# House Price Prediction With a Single Variable Linear Regression

This notebook explores a simple linear regression model using a single variable as a feature to predict the traget of house prices based on numerical features. The project focuses on understanding the full machine learning workflow, from data inspection to model evaluation.

**Goal:** Predict house prices using a single variable linear regression  
**Tools:** Python, pandas, scikit-learn, matplotlib


### Import Necessary Tools & Libraries

In [None]:
import pandas as pd
from sklearn.model_selection import train_test_split
from sklearn.linear_model import LinearRegression
from sklearn.metrics import mean_squared_error, r2_score
import matplotlib.pyplot as plt

### Load the Dataset

In [None]:
df = pd.read_csv("Housing_Price_Data.csv")

### Inspect Data

In [None]:
df.info()

In [None]:
df.head()

### Clean & Select Relevant Data

In [None]:
df = df[['price','area']]

### Split Train/Test data

In [None]:
X = df[['area']]   
y = df['price']    

X_train, X_test, y_train, y_test = train_test_split(X, y, test_size = 0.2, random_state = 42)

### Create The Model

In [None]:
model = LinearRegression()

### Train the Model (Fit it)

In [None]:
model.fit(X_train, y_train)

### Make Predictions

In [None]:
y_pred = model.predict(X_test)

### Visualize actual data and regression line

In [None]:


# Scatter plot of actual data (test set)
plt.scatter(X_test, y_test, color='red', label='Actual Prices')
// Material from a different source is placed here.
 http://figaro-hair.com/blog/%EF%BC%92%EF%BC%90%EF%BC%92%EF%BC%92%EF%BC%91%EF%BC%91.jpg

# Sort X values for a clean regression line
X_line = X_test.sort_values(by='area')
y_line = model.predict(X_line)

# Plot regression line
plt.plot(X_line, y_line, color='blue', label='Regression Line')

# Labels & title
plt.xlabel('Area (sq ft)')
plt.ylabel('Price')
plt.title('House Price Prediction with Linear Regression')
plt.legend()

plt.show()


### Create a Predictions Dataframe

In [None]:
predictions = pd.DataFrame({
    'area': X_test['area'],
    'actual_price': y_test,
    'predicted_price': y_pred
})

### Save to CSV

In [None]:
predictions.to_csv('single_variable_prediction.csv', index=False)

### Evaluate the Model

In [None]:
mse = mean_squared_error(y_test, y_pred)
r2 = r2_score(y_test, y_pred)

print("Mean Squared Error (MSE):", mse)
print("R² Score:", r2)

## Model Evaluation

### Mean Squared Error (MSE)

The Mean Squared Error for this model is **3.68 × 10¹²**.  
Because house prices are large numerical values, the MSE is expected to be large since it represents squared price differences.

This value indicates that, on average, the model’s predictions deviate significantly from the true prices, which is consistent with the relatively low R² score and the fact that the model relies on only a single feature (area).
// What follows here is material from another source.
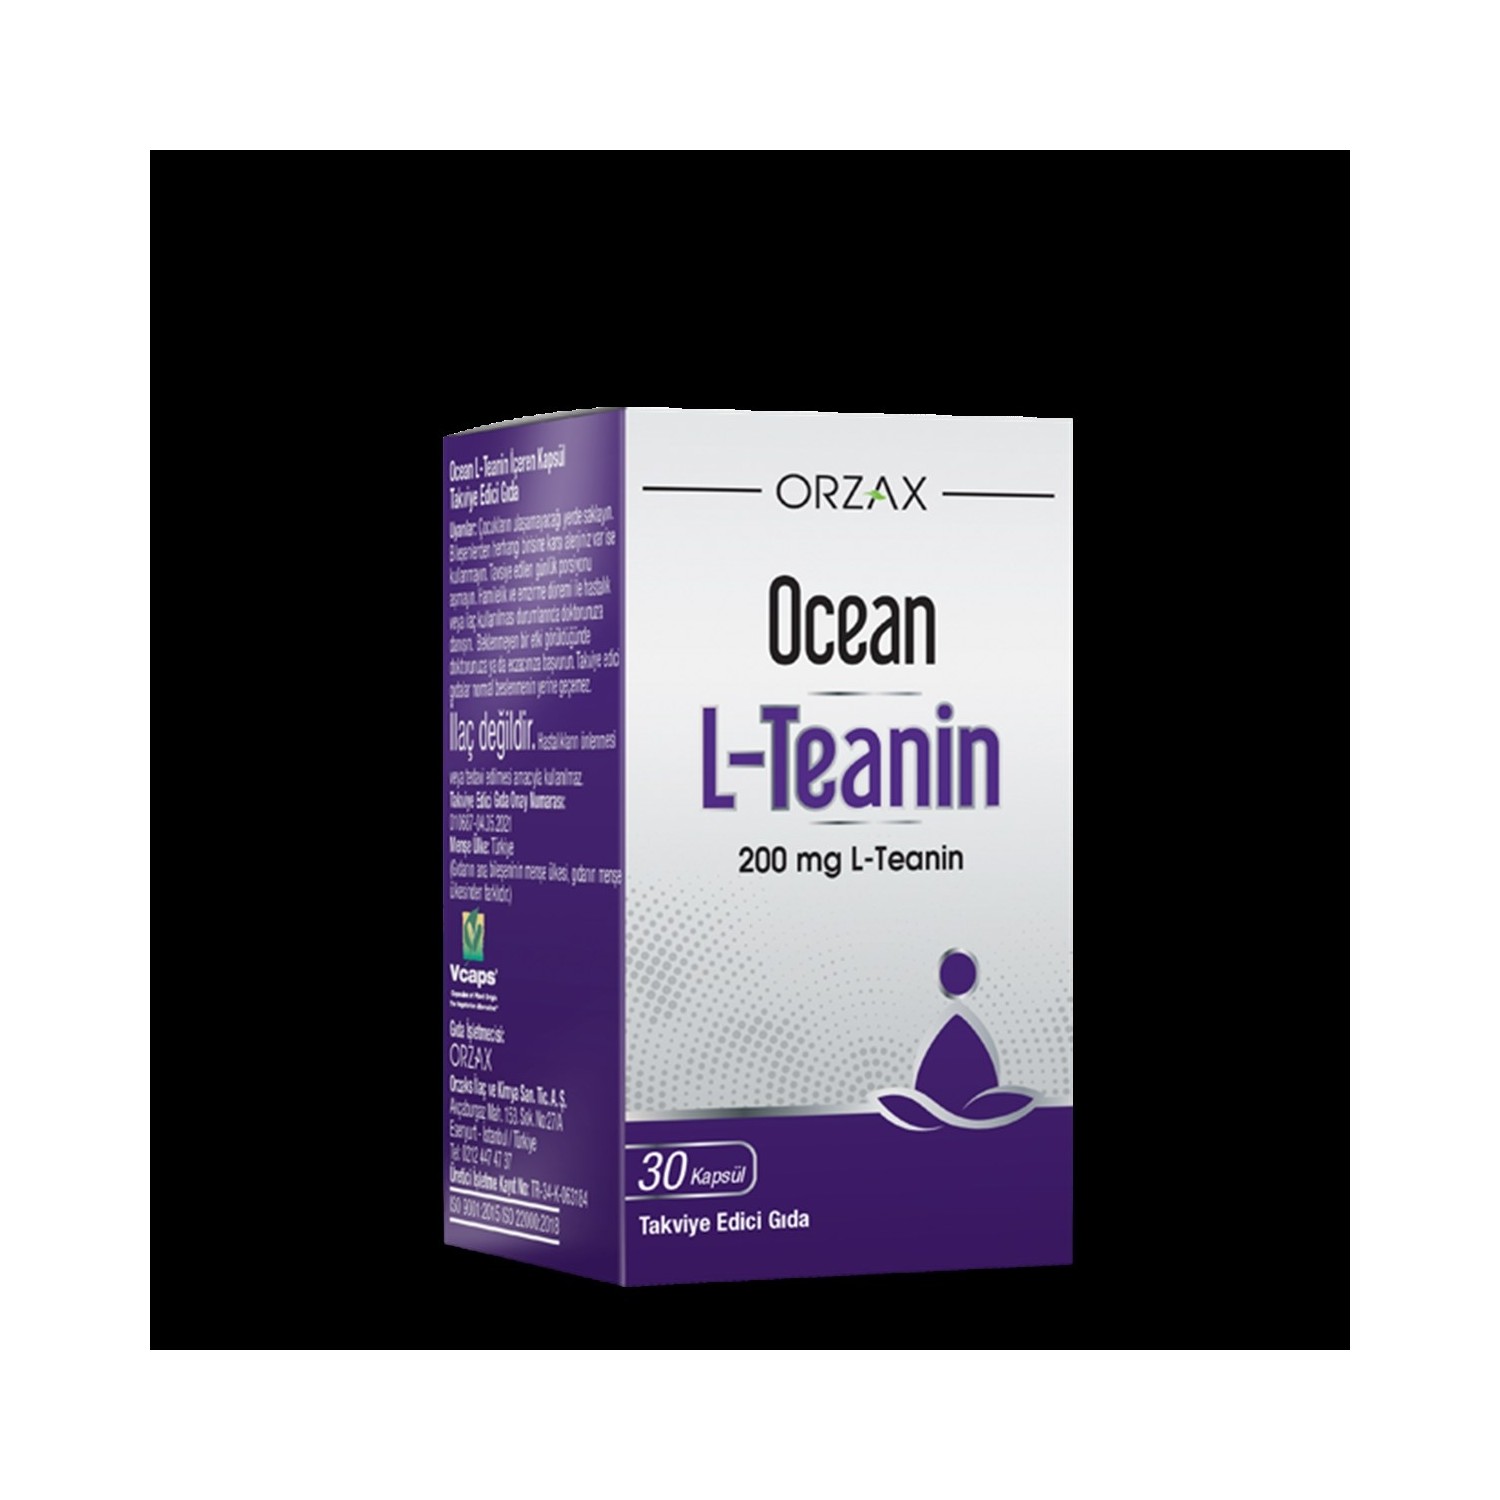 solgar l теанин в свободной форме 150 мг 60 растительных капсул Пищевая добавка Ocean L-Theanine 200 мг, 30 капсул

For this reason, MSE is best interpreted **relative to other models** rather than in isolation.


### R² Score
The R² score for this model is **0.27**, meaning that approximately **27% of the variance in house prices** is explained by house area alone.

This indicates a **weak to moderate linear relationship** between area and price. While house size contributes to price, a large portion of the variation is influenced by other factors such as location, number of bedrooms, condition, and amenities.

Because this model uses only a **single feature**, the R² score serves as a **baseline**. Including additional features in a multiple linear regression model would likely improve performance.